Edmund Burke said, “The only thing necessary for the triumph of evil is that good men do nothing.” This issue is one of the central themes of my horror novels Maledicus: Investigative Paranormal Society Book I  and Gallows Hill: The Investigative Paranormal Society, Book 2 and is also one of the main issues that has faced humanity in the last one hundred years. From the consequences of millions slain in the Holocaust to one single person murdered on the streets of New York City while many watched and did nothing, humanity has been confronted with this dilemma. We see brutality, oppression, and bigotry towards others on an almost daily basis. When finding evil threatening others, what do we do? Do we ignore it and pretend that it is not there? Do we call authorities to try to handle the situation and hope they arrive in time? Or do we inject ourselves into situations that for both individuals and nations could be filled with the worst kind of danger?

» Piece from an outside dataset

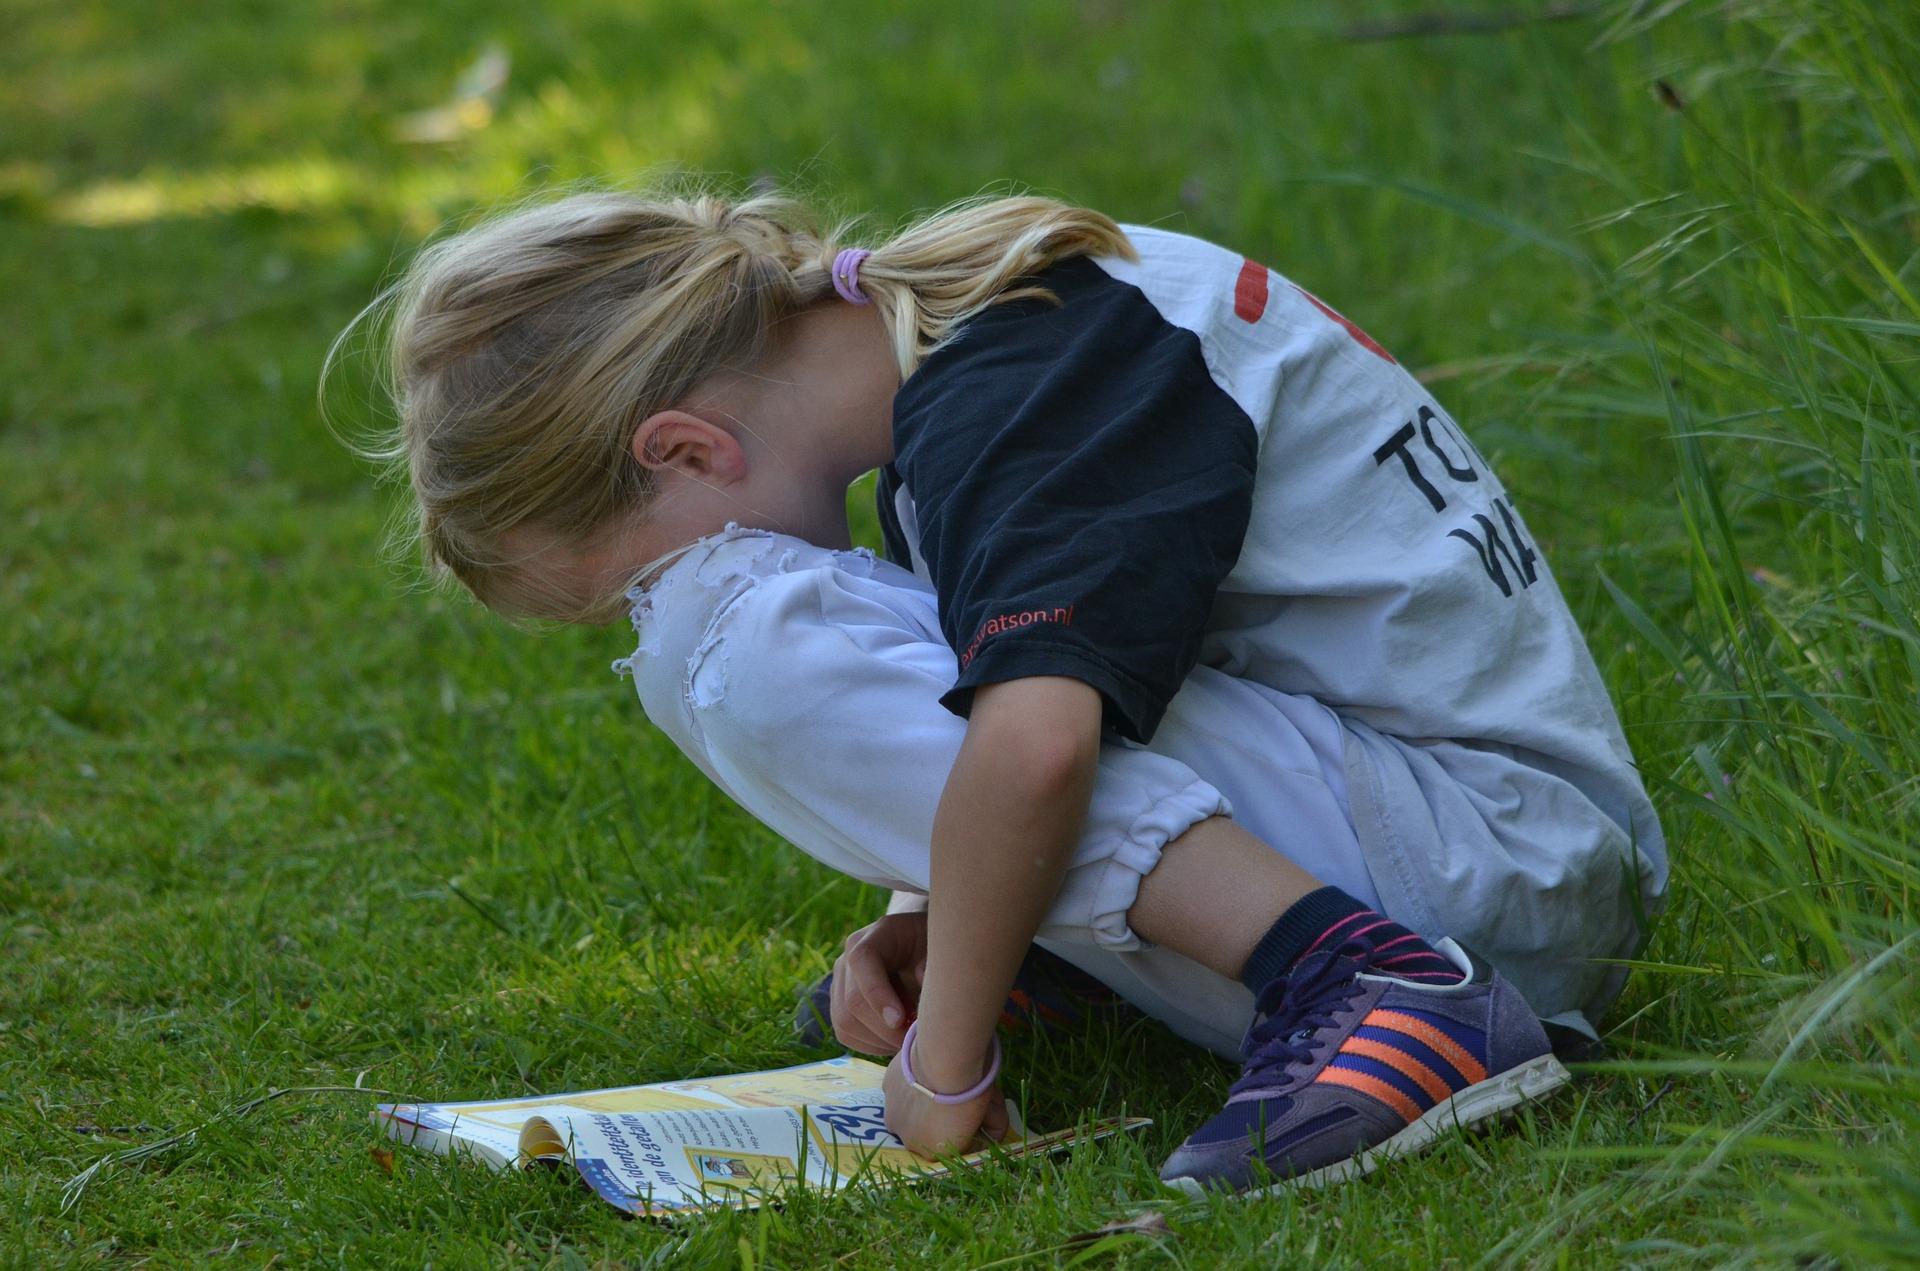 Intensivt lesekurs: Hvem, hvordan og hvorfor (og hvorfor ikke)

It does not take much effort to find contemporary examples of such circumstances. In all of these situations, the observers are faced with a moral quandary, and in my novels, it is those circumstances which drive the central conflicts. What do three retired gentlemen who are trying to find the answer to the ancient question—is there life after death?—do when they are confronted with a sociopathic supernatural evil that threatens an innocent? It would be easy for them to turn aside and say—this isn’t our fight, or this doesn’t concern me.

These three retired gentlemen do decide to fight this evil, even at the potential cost of their lives and perhaps souls.

In our cynical so-called post-modern world, I feel that I am a bit of a dinosaur, because I am an unapologetic Humanist. I still believe that our connections as people are more important than that which disconnects us. My three central characters believe this ideal also. Hence, they understand Donne’s admonition—“Never send to know for whom the bell tolls; it tolls for thee.” And they understand that whatever threatens an innocent must be opposed.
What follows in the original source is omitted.